===== Supplied material =====
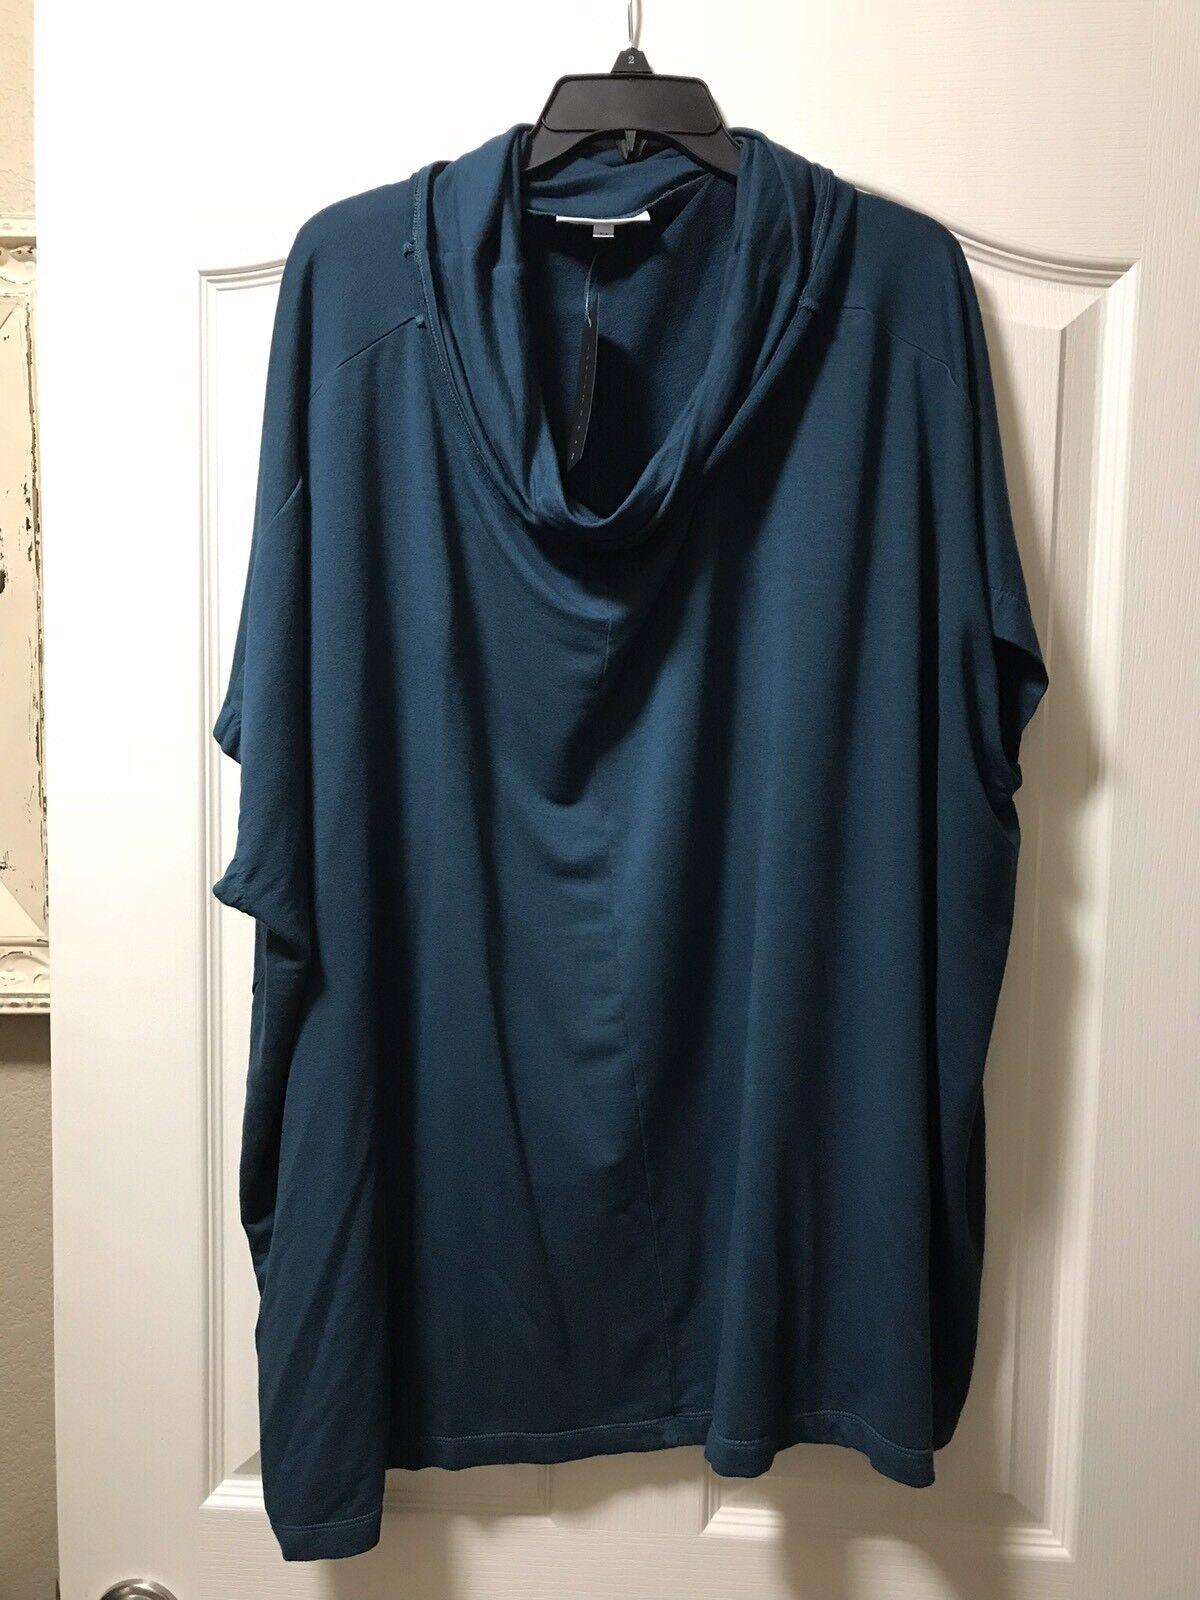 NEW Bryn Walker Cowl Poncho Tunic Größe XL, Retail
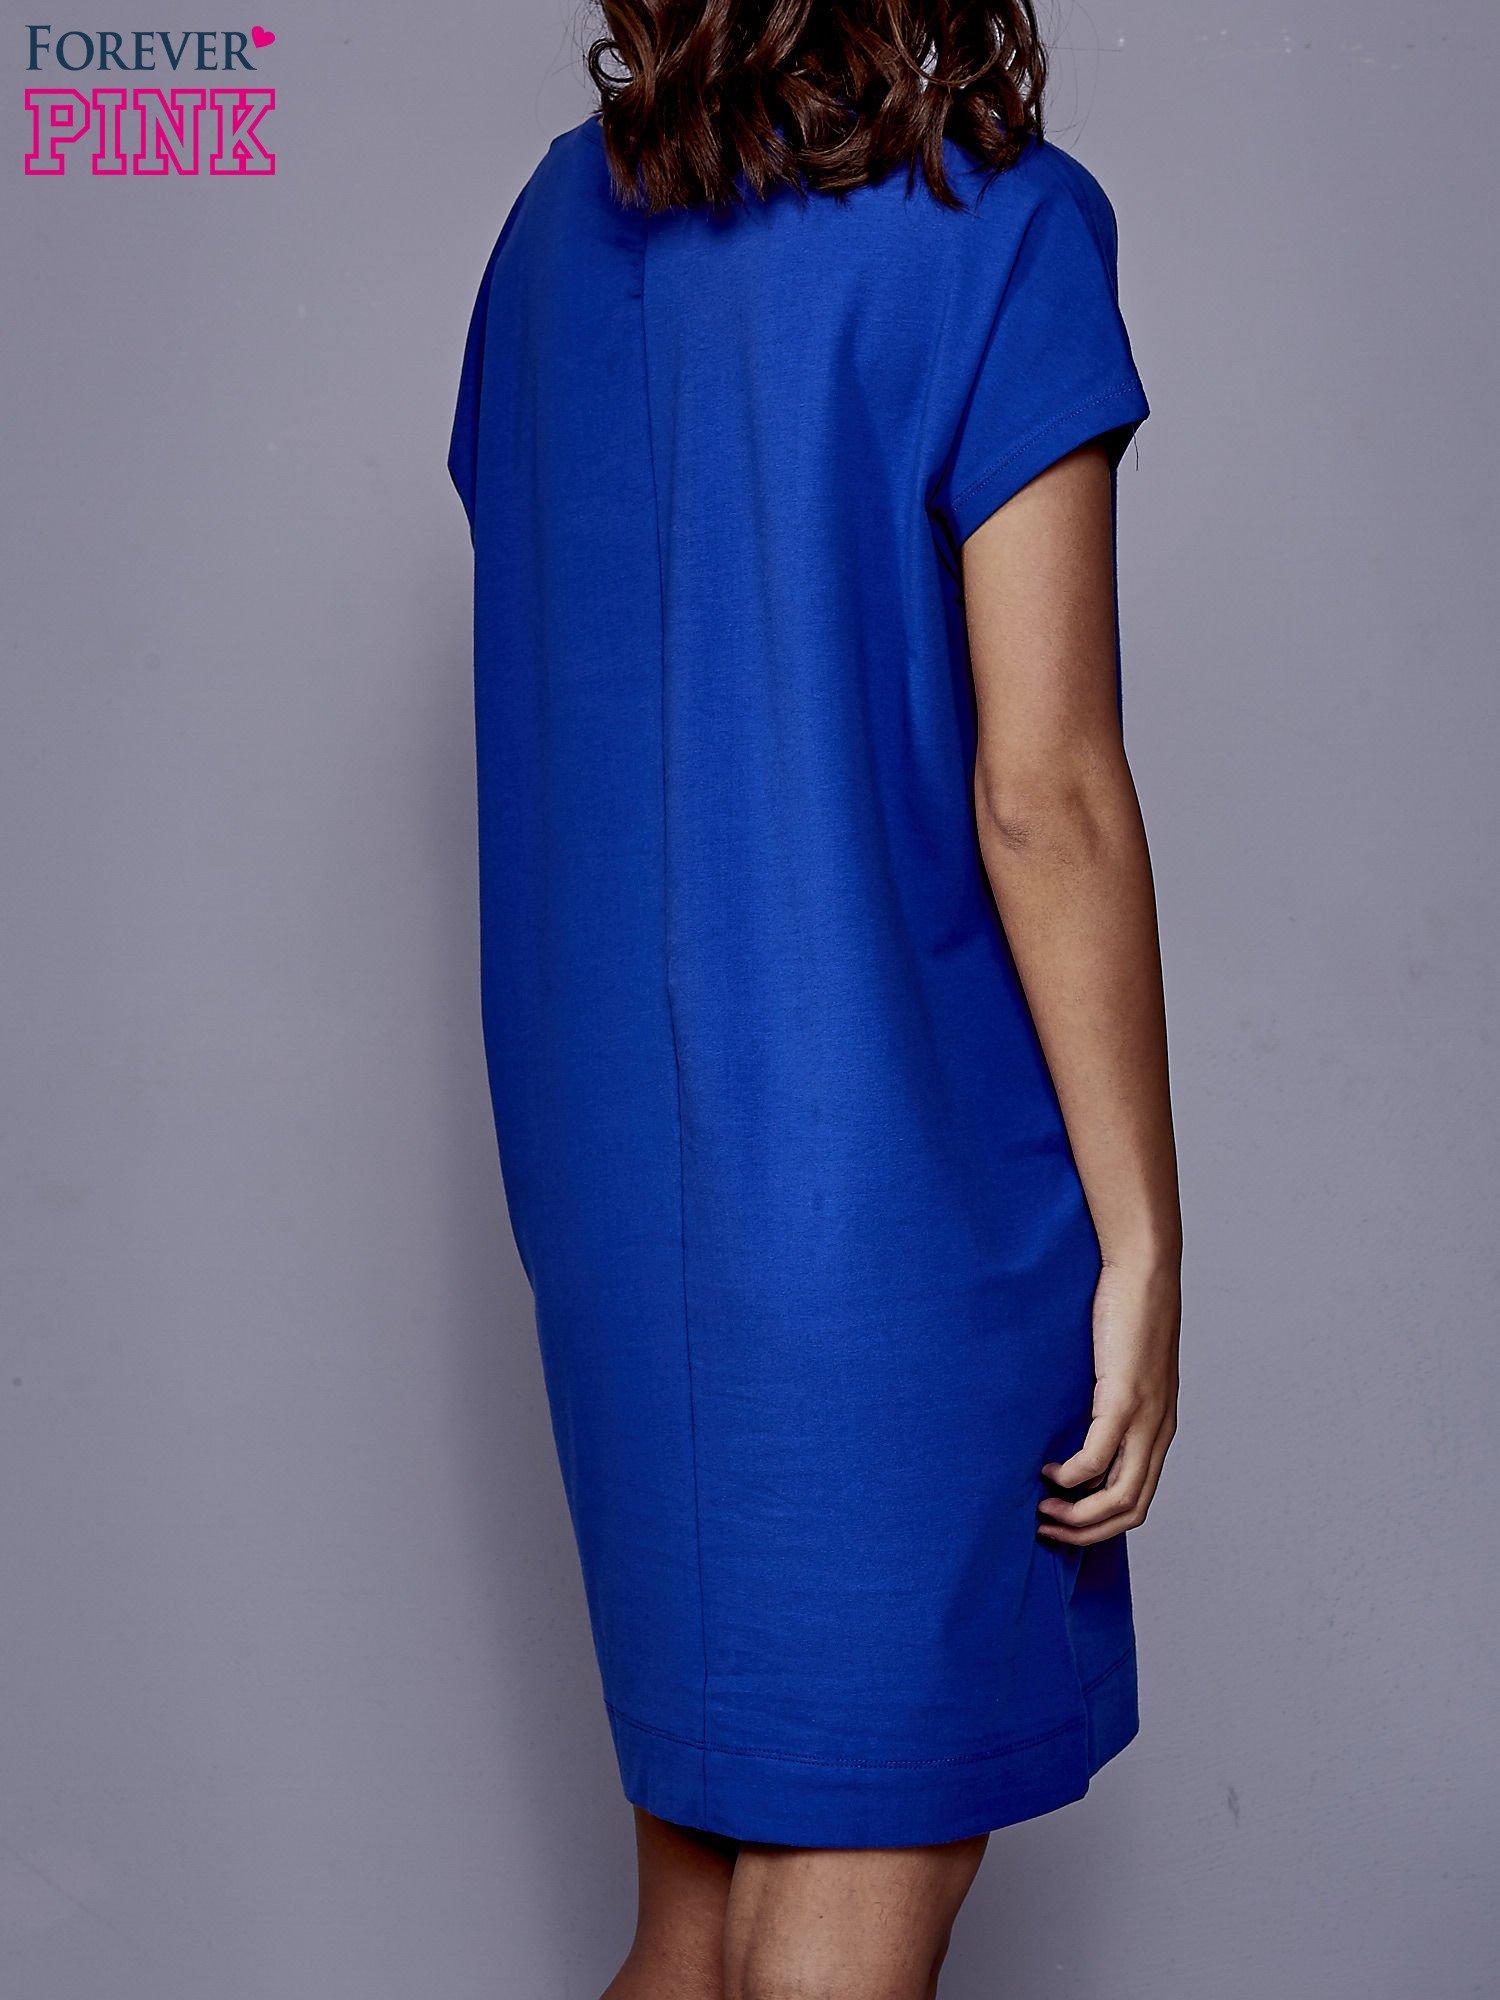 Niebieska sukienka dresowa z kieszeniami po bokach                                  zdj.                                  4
=====
===== Supplied material =====
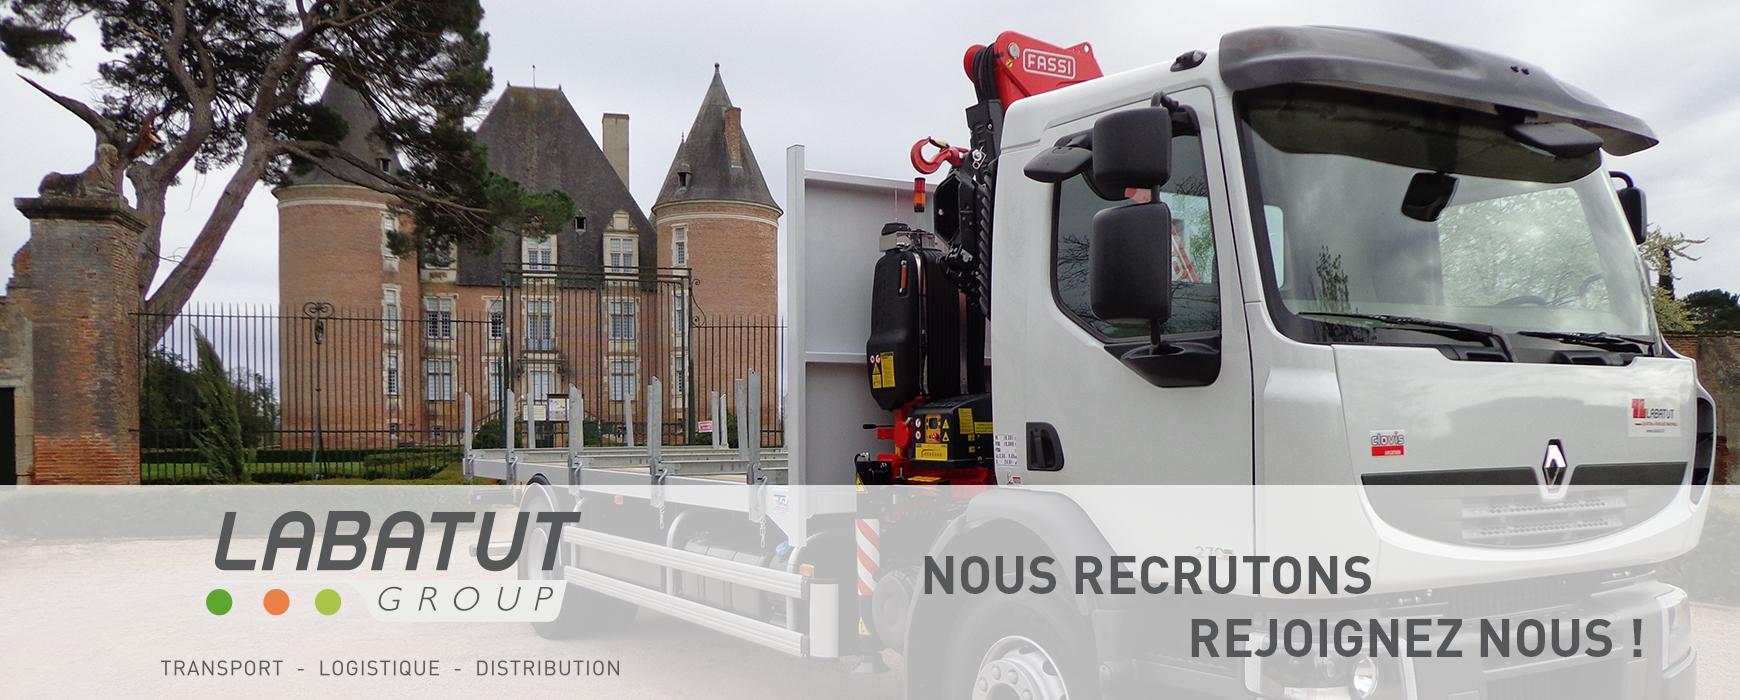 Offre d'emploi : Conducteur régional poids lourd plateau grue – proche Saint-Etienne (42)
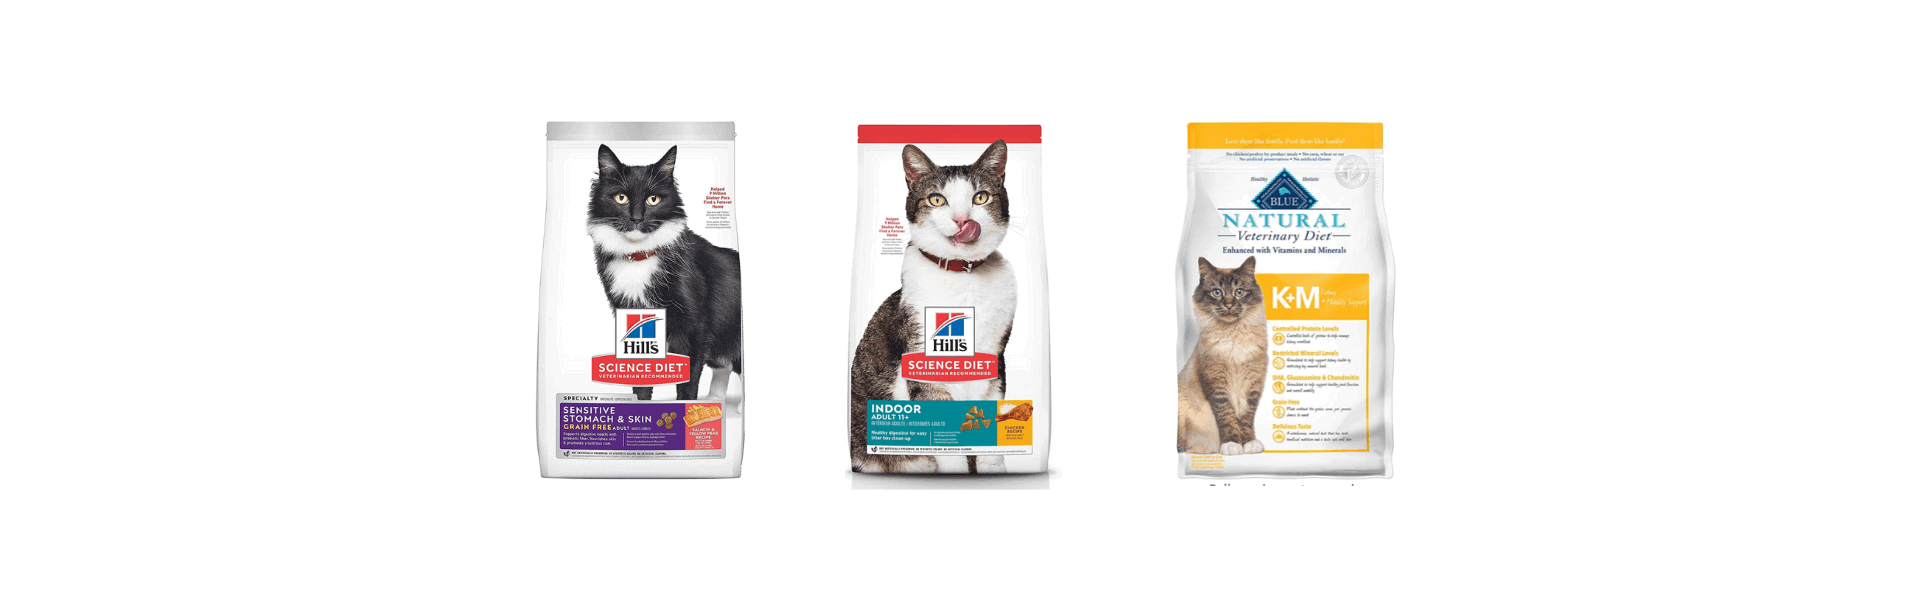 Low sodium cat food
=====
**Task to carry out**
Above are some entries; copy exactly the lines from the line with "Offre d'emploi : Conducteur" through the line with "Low sodium cat food", both included, but none of the pictures.

**Response box**
 Offre d'emploi : Conducteur régional poids lourd plateau grue – proche Saint-Etienne (42)
 Low sodium cat food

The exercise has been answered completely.